1/26
Key vocabulary terms from Chapter 3 on numerically summarizing data, including measures of center, spread, position, and methods for identifying outliers.
Name | Mastery | Learn | Test | Matching | Spaced |
---|
No study sessions yet.
Shape (distribution)
The distribution’s form, described by symmetry/skewness, number of peaks, clusters or gaps, and any outliers.
Center
A typical or representative value of a distribution; numerical measures include the mean and the median.
Spread
The variability or dispersion of the data, describing how far values are from each other or from the center.
Mean (x̄)
The sum of all observations divided by the number of observations (sample mean); population mean is μ.
Median
The middle value when data are ordered; if n is odd, it is the middle observation; if even, it is the average of the two middle observations.
Mode
The observation that occurs most frequently; often used for categorical data to indicate the most frequent category.
Resistant
A statistic that is little affected by outliers; the median is resistant, the mean is not.
Symmetric
A distribution with balanced tails; typically mean ≈ median.
Skewed right
A distribution with a longer tail to the right; generally mean > median.
Skewed left
A distribution with a longer tail to the left; generally mean < median.
Outlier
An observation unusually far from the rest of the data; causes can include measurement error, different population, or a rare event.
Range
Difference between the largest and smallest observations; simple but sensitive to outliers.
Interquartile Range (IQR)
Q3 − Q1; spread of the middle 50% of data; resistant to outliers.
Variance
Average squared deviation from the mean; s² for a sample, σ² for a population.
Standard Deviation
Square root of the variance; s for a sample, σ for a population; has the same units as the data and is not resistant.
Five-number summary
Minimum, Q1, M (median), Q3, Maximum.
Boxplot
Graph of the five-number summary; whiskers extend to the smallest/largest non-outlier observations; outliers shown as points or asterisks.
Quartile
Values that divide data into four equal parts: Q1 (25th percentile), Q2 (median), Q3 (75th percentile).
Z-score
The number of standard deviations an observation is from the mean; z = (observation − mean)/sd (sample) or (x − μ)/σ (population).
Percentile
A value such that p% of observations fall below it; common examples include quartiles (25th, 50th, 75th).
Empirical Rule
For bell-shaped data: about 68% within 1 SD, 95% within 2 SD, and 99.7% within 3 SD.
1.5 × IQR Rule (outliers)
Fences for identifying outliers: Lower fence = Q1 − 1.5·IQR; Upper fence = Q3 + 1.5·IQR; values outside are outliers.
Boxplot shape guidelines
In boxplots, symmetric distributions have median near the center with similar whiskers; skewed distributions show longer whiskers on the side of skew.

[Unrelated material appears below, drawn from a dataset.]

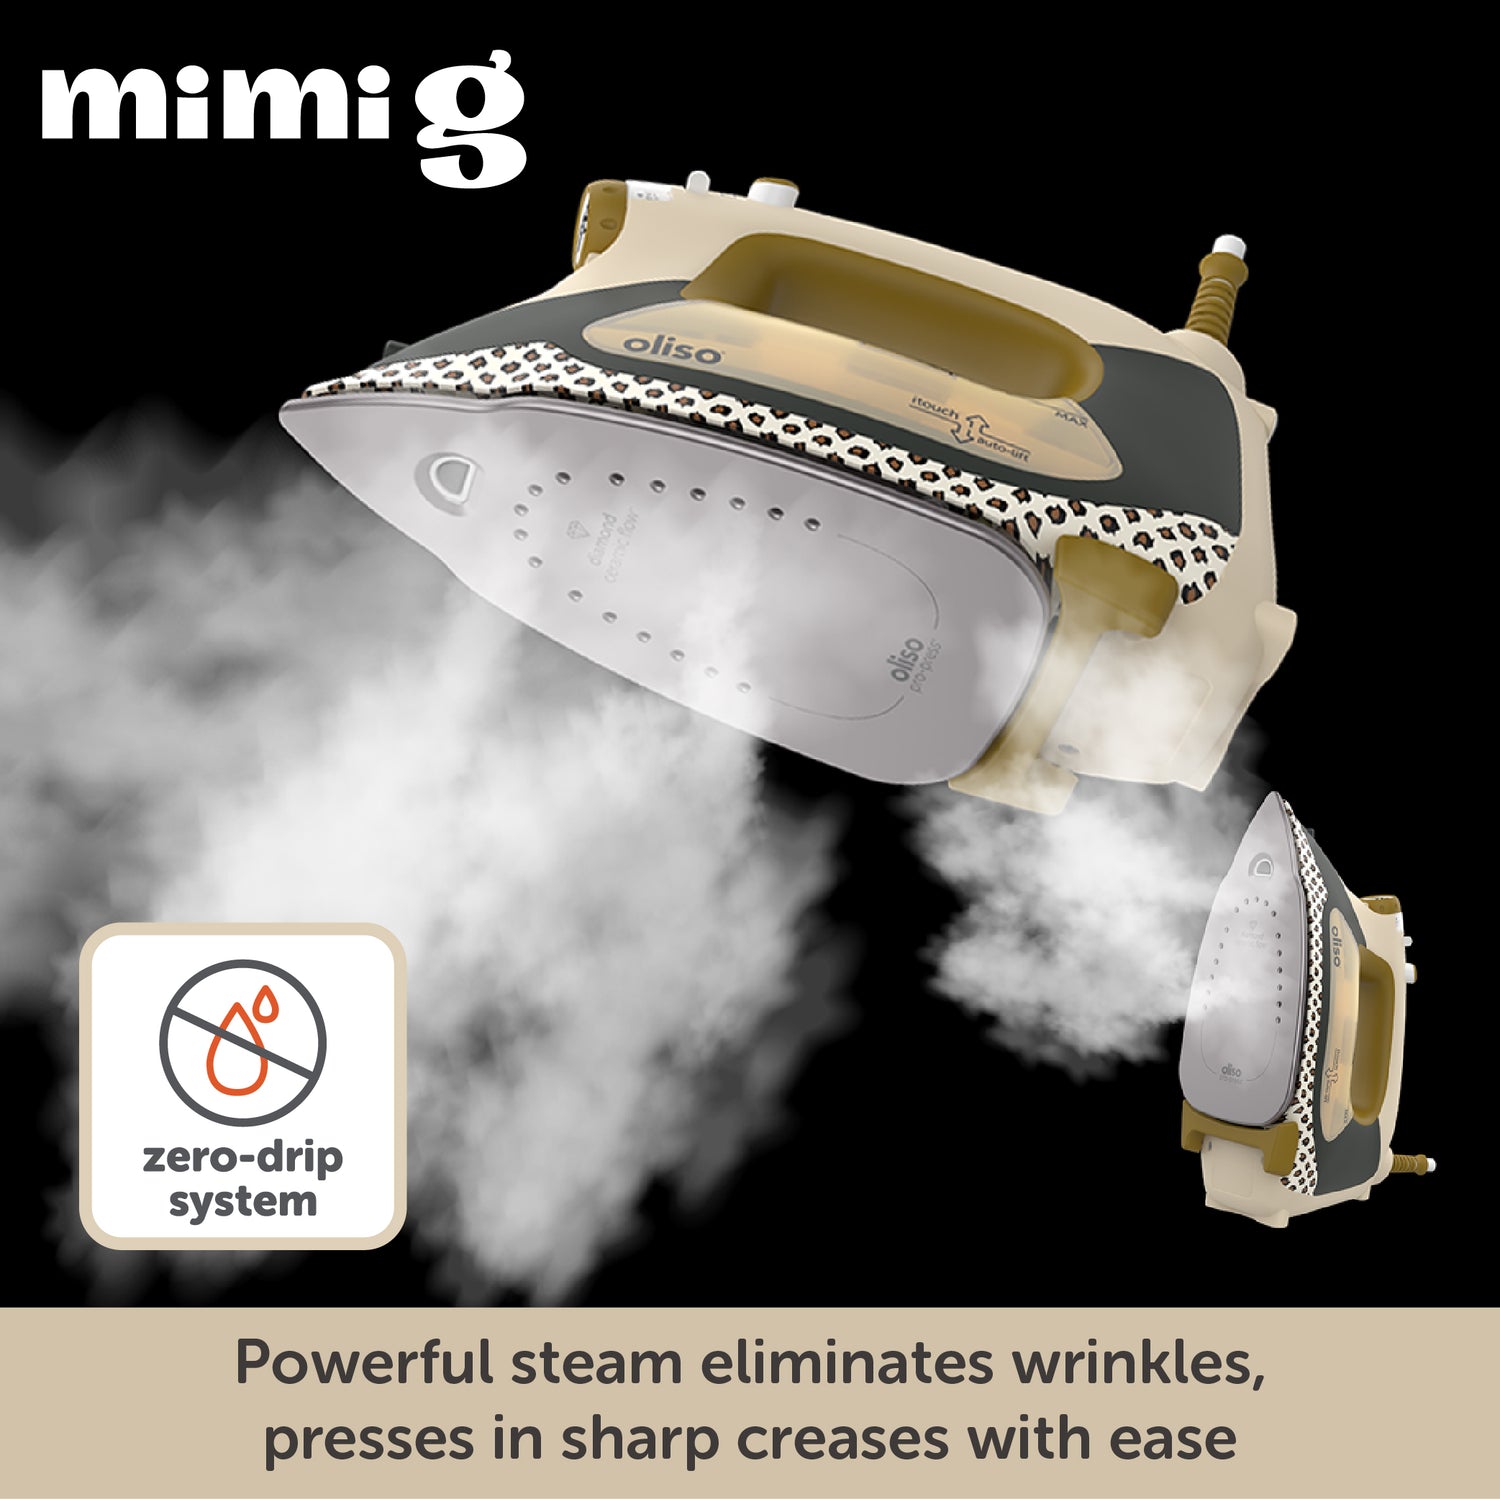 Demonstration of the powerful vertical and horizontal steam produced by the Mimi G iron. Ideal for eliminating wrinkles and pressing in sharp creases and pleats.

Describing distributions (center vs. spread)
For symmetric distributions report mean and SD; for skewed or outlier-containing distributions report median and IQR; use same measures when comparing groups.
Population vs Sample notation
x̄ denotes the sample mean; μ denotes the population mean; s denotes the sample standard deviation; σ denotes the population standard deviation.
Outlier effect on center
Outliers tend to have a large influence on the mean but little on the median; removing an outlier can change the mean more than the median.
Quartiles by hand vs. software
Q1 and Q3 are typically found by hand using the median and halves of the data; JMP may compute them differently.